I just rebooted my Mac and somehow I could login again. Not sure if the ssh was blocking me or so? Hope it doesn't happen again.
from flintrock.
Perhaps it's something weird happening with your network? Anyway, feel free to reopen this issue if you have more resolution on where the problem might be coming from.
from flintrock.
Actually it came back the next day again, can't fix it now. I am at university on Eduroam, also tried mobile hotspot. Same thing.
Even if I login with ssh it times out. My instances are running and 2/2 checks passed.
When I flintrock launch cluster8
It now gives me:
opt/homebrew/lib/python3.10/site-packages/paramiko/transport.py:219: CryptographyDeprecationWarning: Blowfish has been deprecated
"class": algorithms.Blowfish,
2023-03-31 09:28:20,913 - flintrock.ec2 - INFO - Launching 4 instances...
2023-03-31 09:28:37,173 - flintrock.ec2 - DEBUG - 4 instances not in state 'running': 'i-09436562527109c97', 'i-09688b6b7e02ff6c0', 'i-0386eb57946f277df', ...
2023-03-31 09:28:42,171 - flintrock.ec2 - DEBUG - 4 instances not in state 'running': 'i-09436562527109c97', 'i-0386eb57946f277df', 'i-073c7c86259375c10', ...

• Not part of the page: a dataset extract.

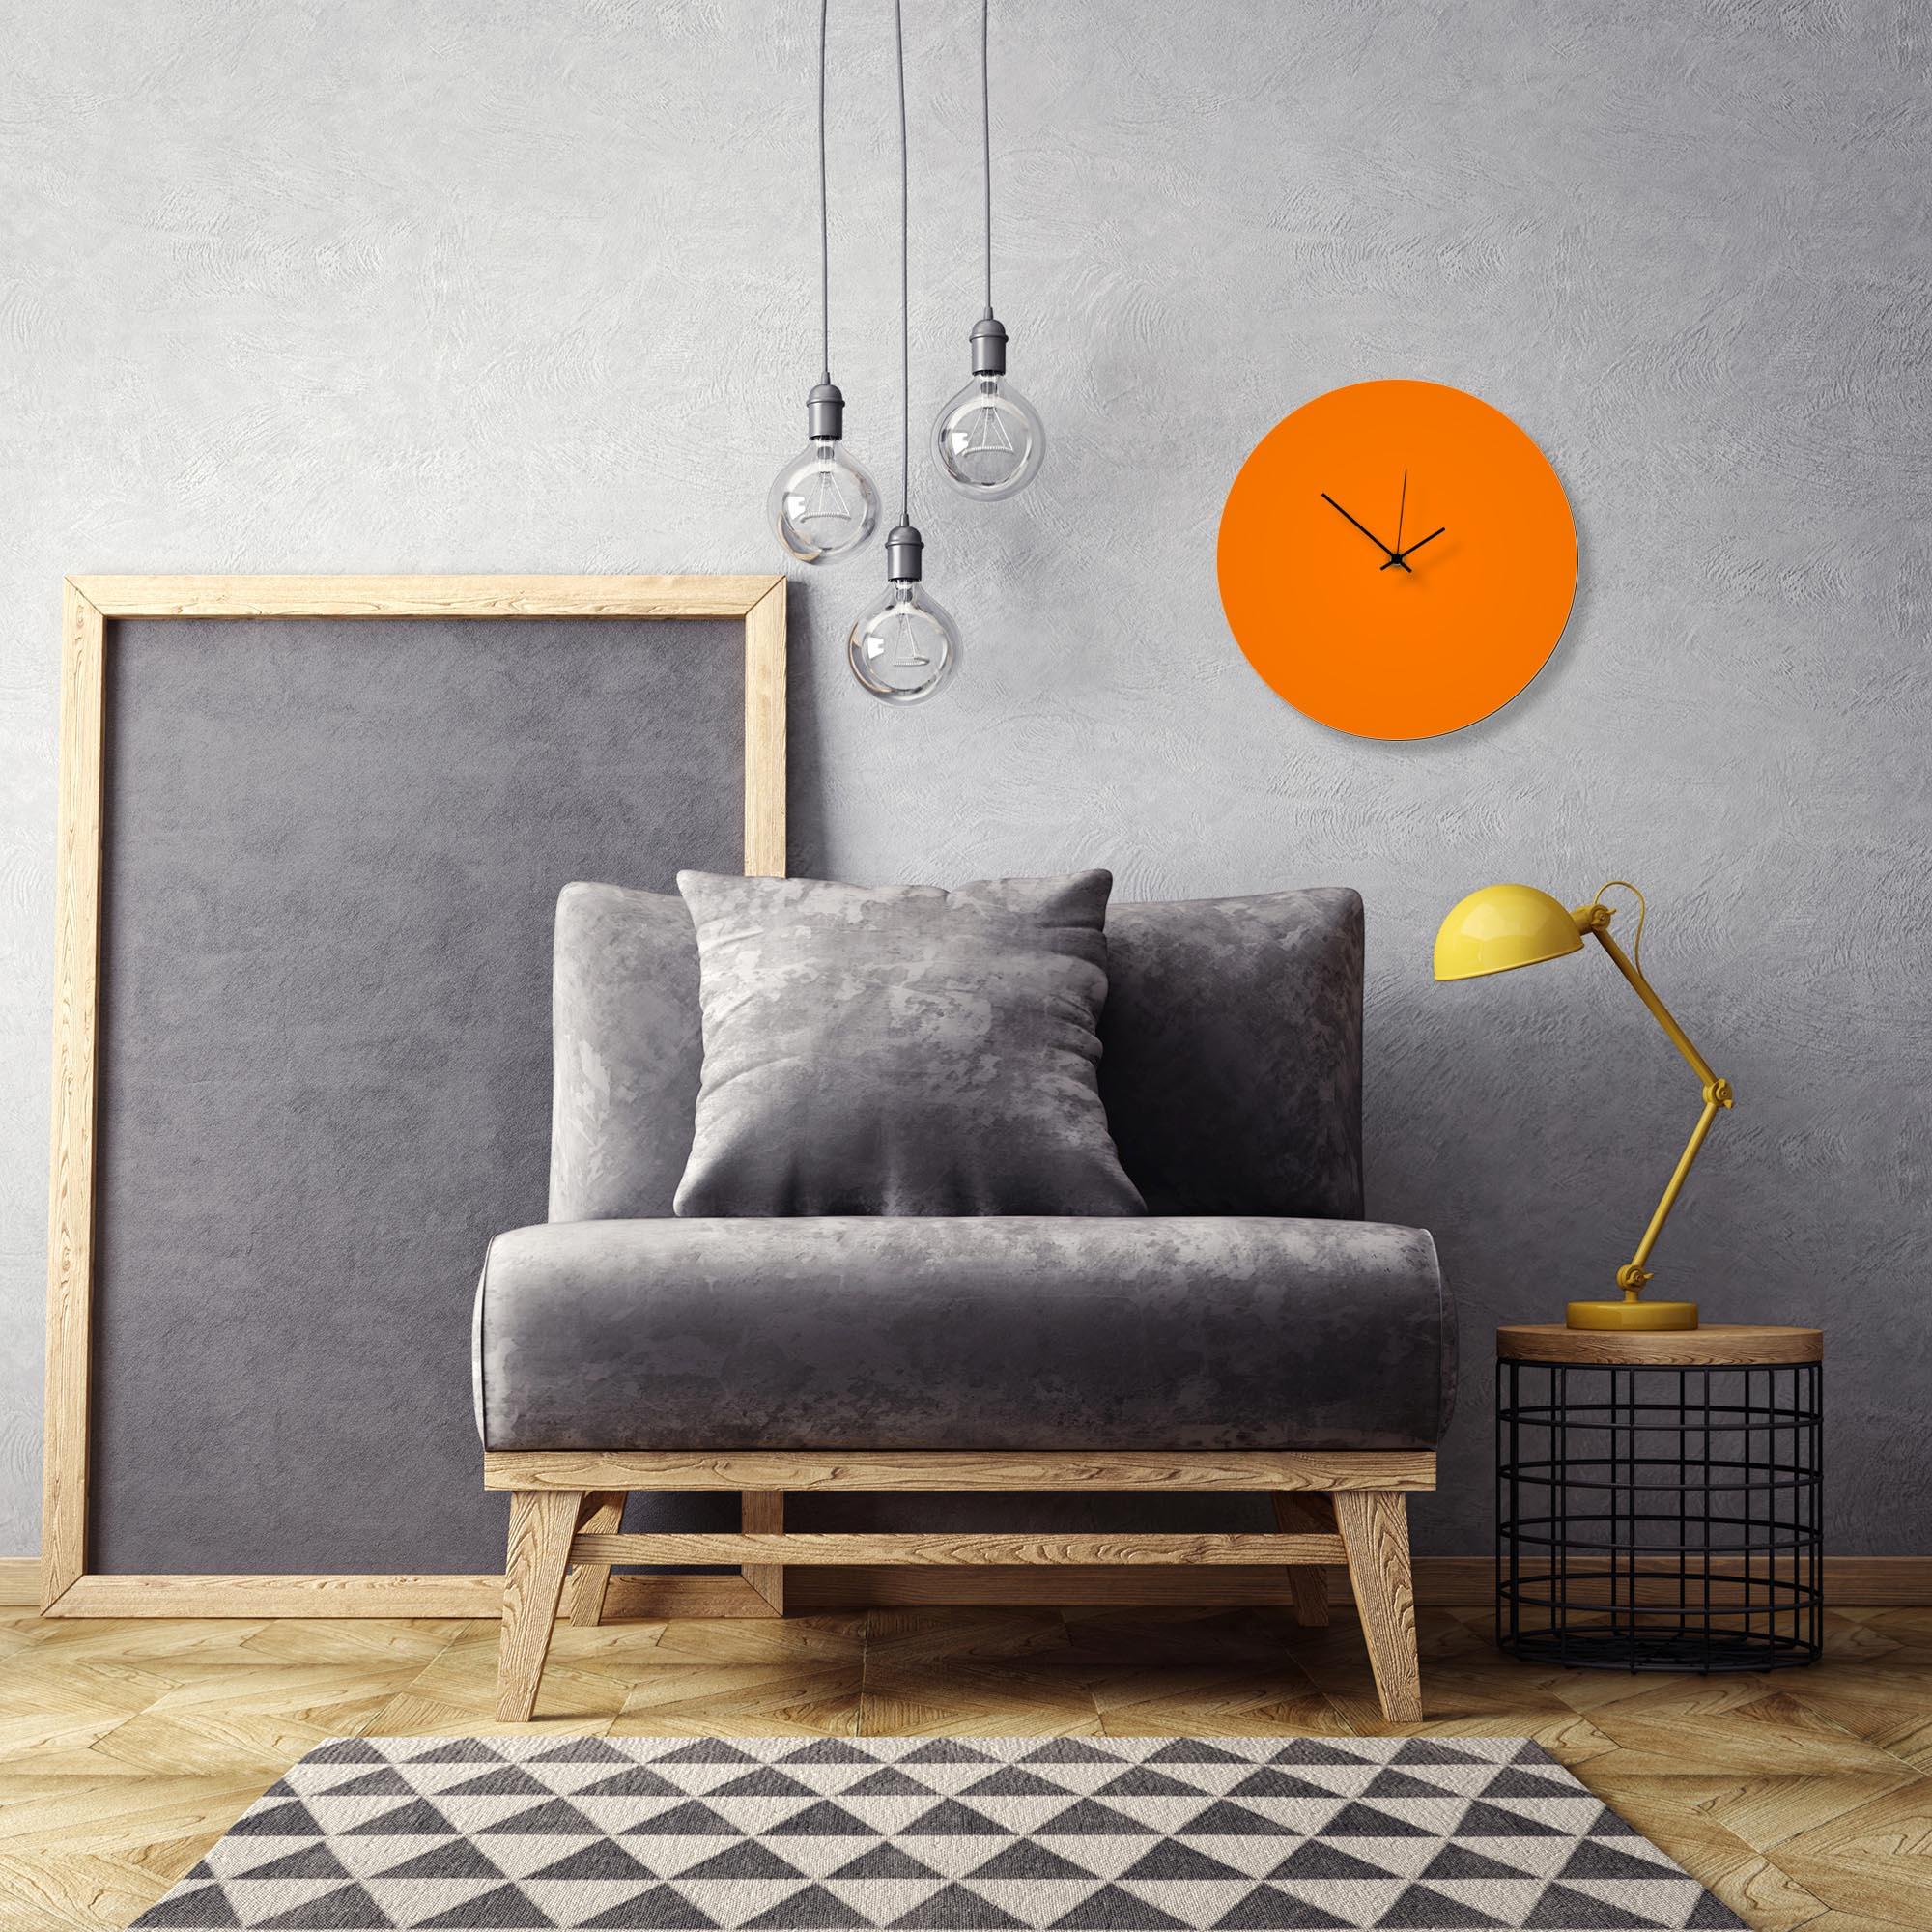 Orangeout Black Circle Clock by Adam Schwoeppe Contemporary Clock on Aluminum Polymetal - Alternate View 1
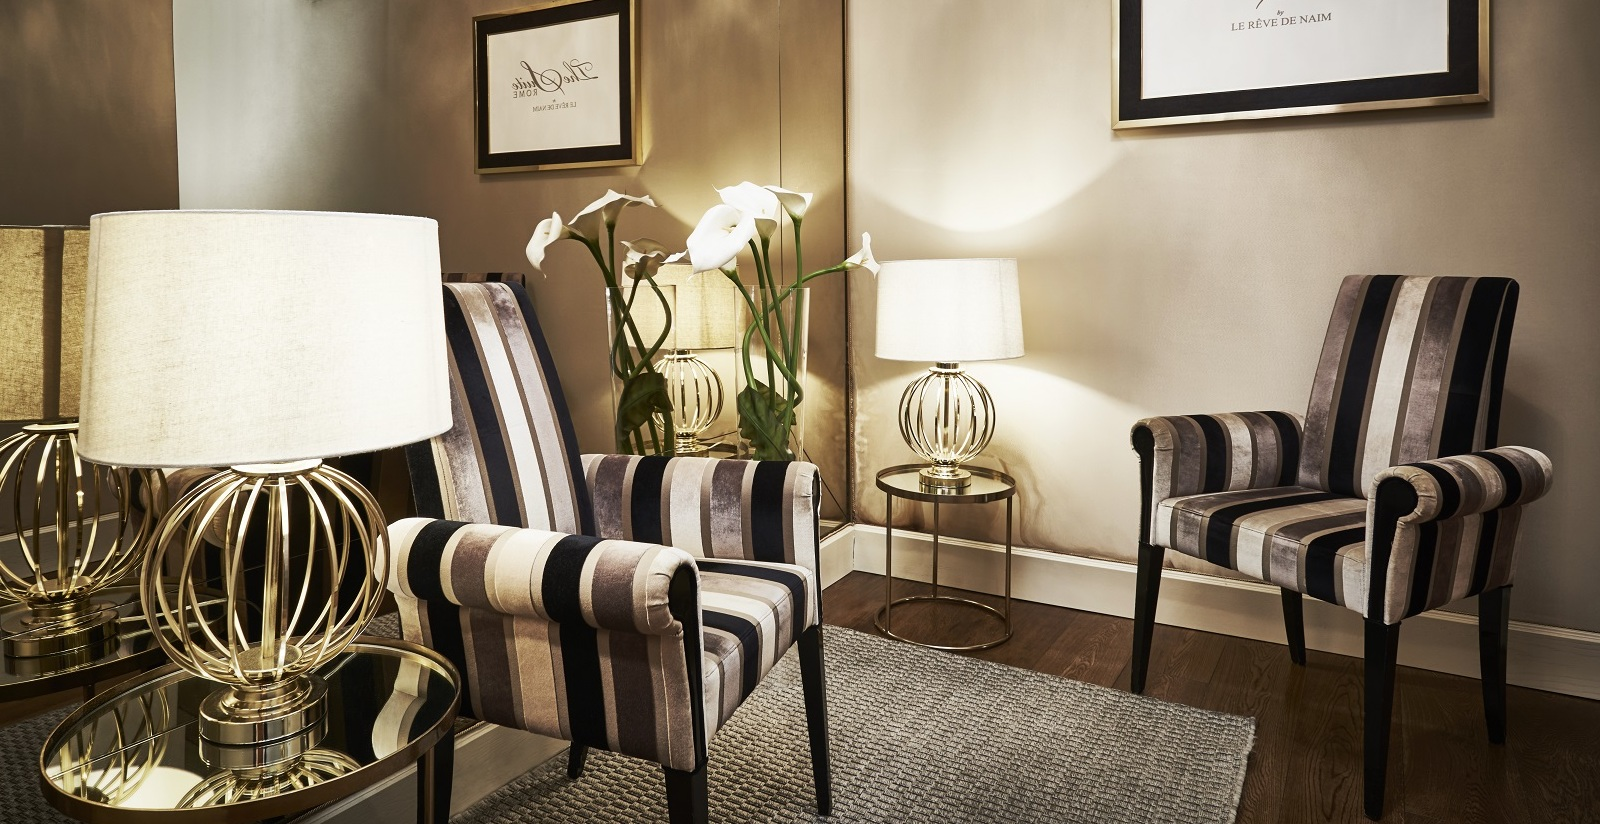 Surprising Choose The Royal Suite For The Maximum Comfort At Spagna Frankydiablos Diy Chair Ideas Frankydiabloscom

2023-03-31 09:28:46,037 - flintrock.ec2 - DEBUG - 4 instances not in state 'running': 'i-09436562527109c97', 'i-0386eb57946f277df', 'i-073c7c86259375c10', ...
endlessly...
from flintrock.
What do you see in the console for these instances that don't seem to launch normally?
from flintrock.
Allow me a few days to see if it re-appears. I ended up doing a full reset of the aws environment (was using a learners lab). Any command in particular I should be sure to check in the console?
from flintrock.
It just happened again.
flintrock login cluster
/opt/homebrew/lib/python3.10/site-packages/paramiko/transport.py:219: CryptographyDeprecationWarning: Blowfish has been deprecated
"class": algorithms.Blowfish,
ssh: connect to host 54.205.234.98 port 22: Operation timed out
My ~/.aws/credentials
are up to date.
Looking at the dashbboard I see nothing special. See screenshot here.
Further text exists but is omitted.